Phenols are indispensable in synthesis and constitute a privileged structural scaffold present in pharmaceuticals, natural products and synthetic polymers, among many other applications.¹ Consequently, considerable attention has been focused on the synthesis of phenol and its derivatives.² Traditional methods include nucleophilic aromatic substitution of aryl halides,³ transition-metal catalyzed processes,⁴ hydroxylation of benzene,⁵ oxidation of cumene⁶ and hydrolysis of diazo compounds.⁷ These methods have some major limitations, including harsh reaction conditions, reagent toxicities and the need for additives and complex ligands. The ipso-hydroxylation of boronic acids is an alternative route for the synthesis of phenols which avoids many of the problems with previous approaches. The boronic acids have low toxicity, higher stability in air, are easy to handle and display high functional group diversity. Aryl and heteroarylboronic acids are readily available and have been employed in several studies on ipso-hydroxylation chemistry. These mainly involved transition metal catalysis⁸ (Scheme 1A-i), photocatalysis⁹ (Scheme 1A-ii) or stoichiometric oxidants such as H₂O₂,¹⁰ oxone,¹¹ N-oxides,¹² organic hypervalent iodine(III),¹³ benzoquinone,¹⁴ mCPBA,¹⁵ NaBO₃ (ref. 16) and molecular oxygen¹⁷ (Scheme 1A-iii). Moreover, numerous variants have been reported recently for the synthesis of substituted phenols from boronic acids.¹⁸ Despite the high efficiency of many of these protocols, they are often characterized by high temperatures and long reaction times, the use of transition metals, necessity of strong base addition and the use of harmful solvents. Furthermore, in many of these methods, scaled-up synthesis of phenols has not been demonstrated. When summarizing published papers on the use of hydrogen peroxide,^18g as one of the simplest and most available green oxidants, surprisingly, we find that virtually all of them report using extra additives of some kind and relatively long reaction times.

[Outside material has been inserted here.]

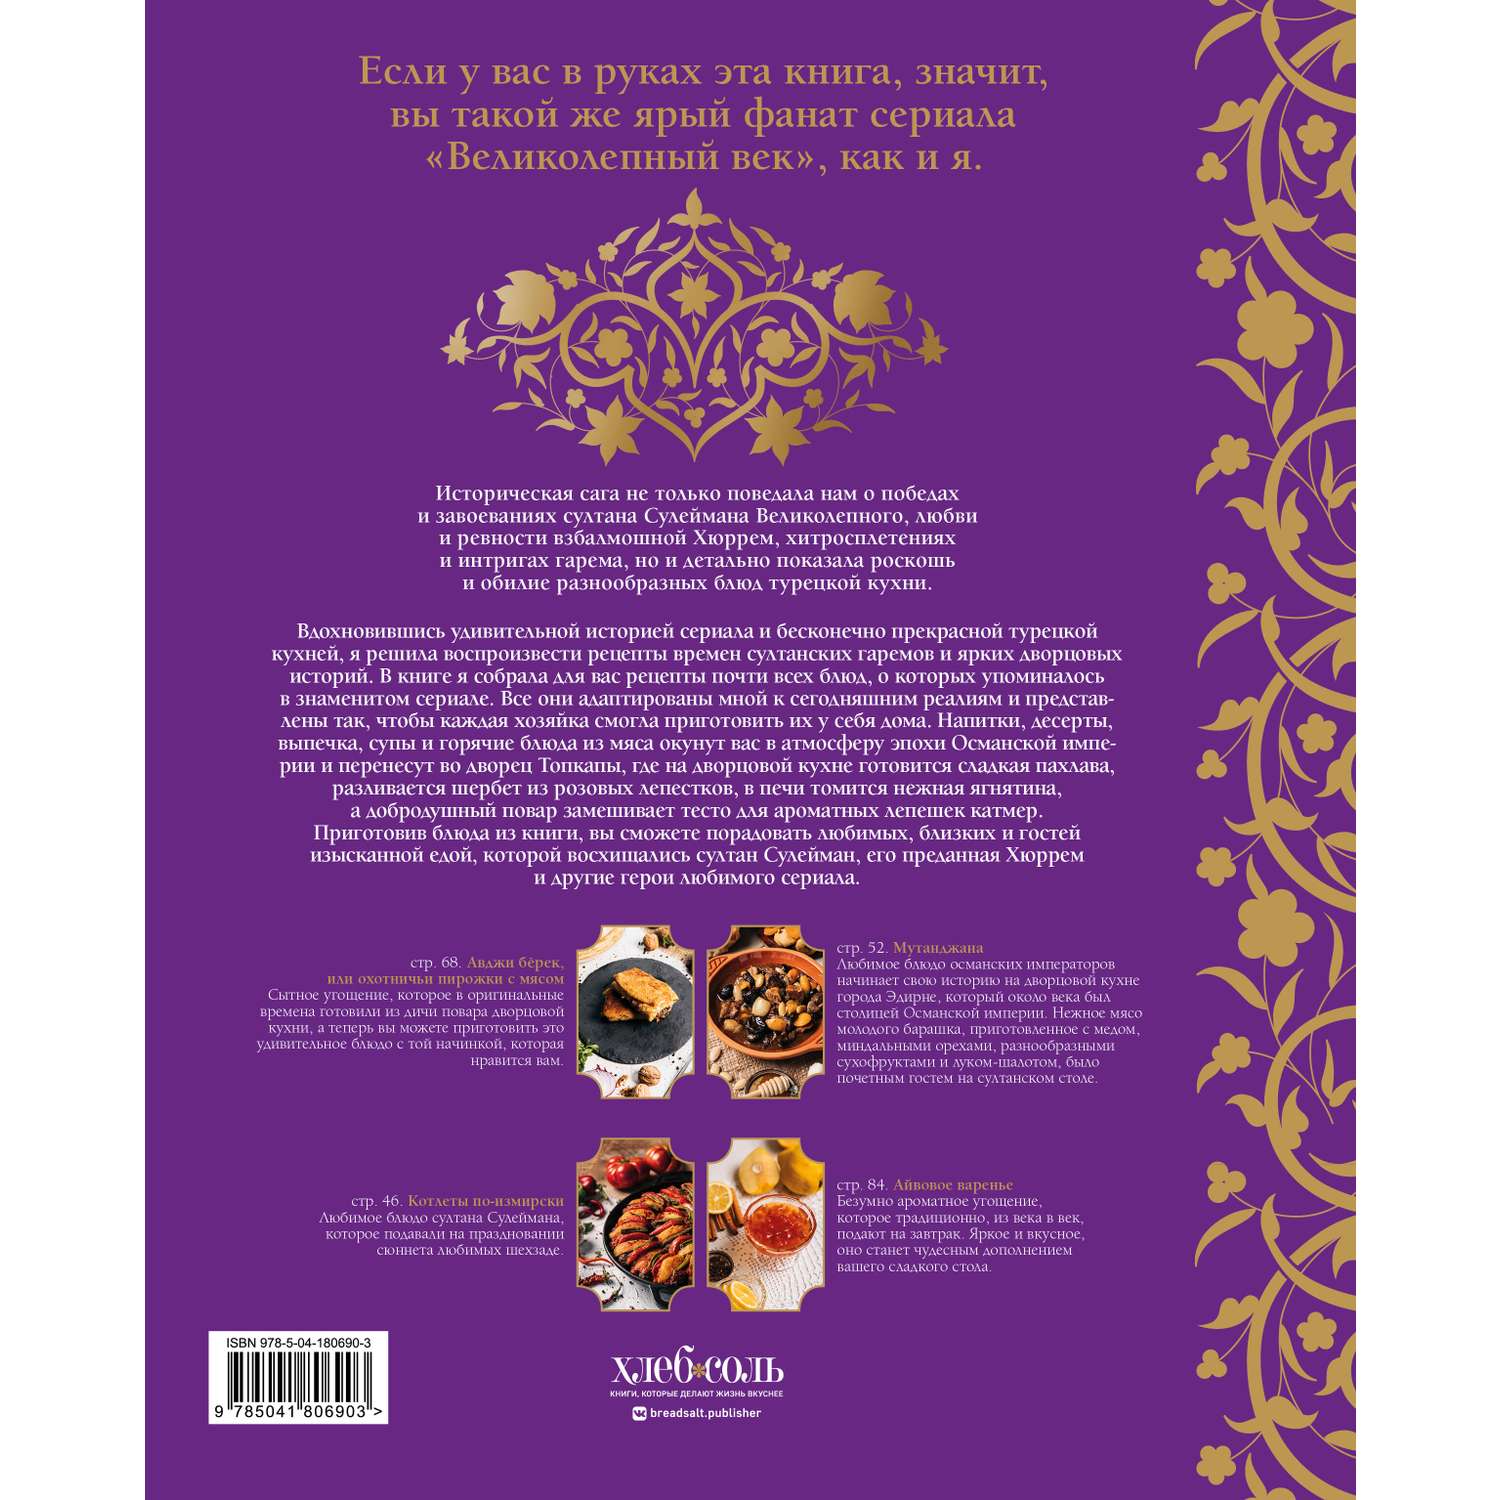 Книга Эксмо Великолепный век Неофициальная кулинарная книга - фото 10

Scheme 1 Ipso-hydroxylation of phenylboronic acids.

Recognizing the power of the transformation in the synthesis of diverse phenols, we set out to find mild, practical and simple reaction conditions with a minimum of additives, high chemical yields and with a clear green profile. Herein we report a very rapid, catalyst/additive-free and practical protocol for the synthesis of phenols via the ipso-hydroxylation of arylboronic acids using hydrogen peroxide in ethanol. The protocol represents a significant advance in the field as it works with unprecedented efficiency under ambient, green conditions and affords substantially improved chemical yields of phenols with only one minute reaction time and without flash column chromatography. Furthermore, adding hydrogen bromide yields bromophenols directly in a completely novel one-pot system which advances a truly practical and scalable approach to access highly substituted phenols (Scheme 1B).

Results and discussion

Previous reports on the use of hydrogen peroxide as oxidant for the ipso-hydroxylation were found to be of high interest because of the simplicity and clear green profile of H₂O₂.^10,18g Although several solvent systems have been reported with hydrogen peroxide, we decided to screen a range of solvents to ascertain reaction performance at ambient temperature and atmosphere with only one-minute reaction time. These reaction conditions underline our search for a highly efficient and truly practical transformation. In the solvent survey, conducted with the reaction between phenylboronic acid 1a and hydrogen peroxide to generate phenol 2a (Table 1), we were pleased to observe that medium to excellent yields were obtainable across the board. A range of commonly employed solvents such as methanol, THF, acetone, ethyl acetate and acetonitrile afforded high yields (82–89%), whereas water and DCM gave medium yields (50–55%). The major issue appears to be poor solubility of the boronic acid in the latter. The highest isolated yield of 94% was obtained in ethanol, a readily accessible, convenient and green solvent. Therefore, ethanol was the solvent of choice for further studies. The most striking result from our studies is that the reaction time of only one minute in ethanol provides excellent yields at ambient temperature in an open flask. Our observations and simple conditions have not been reported in previous works to the best of our knowledge.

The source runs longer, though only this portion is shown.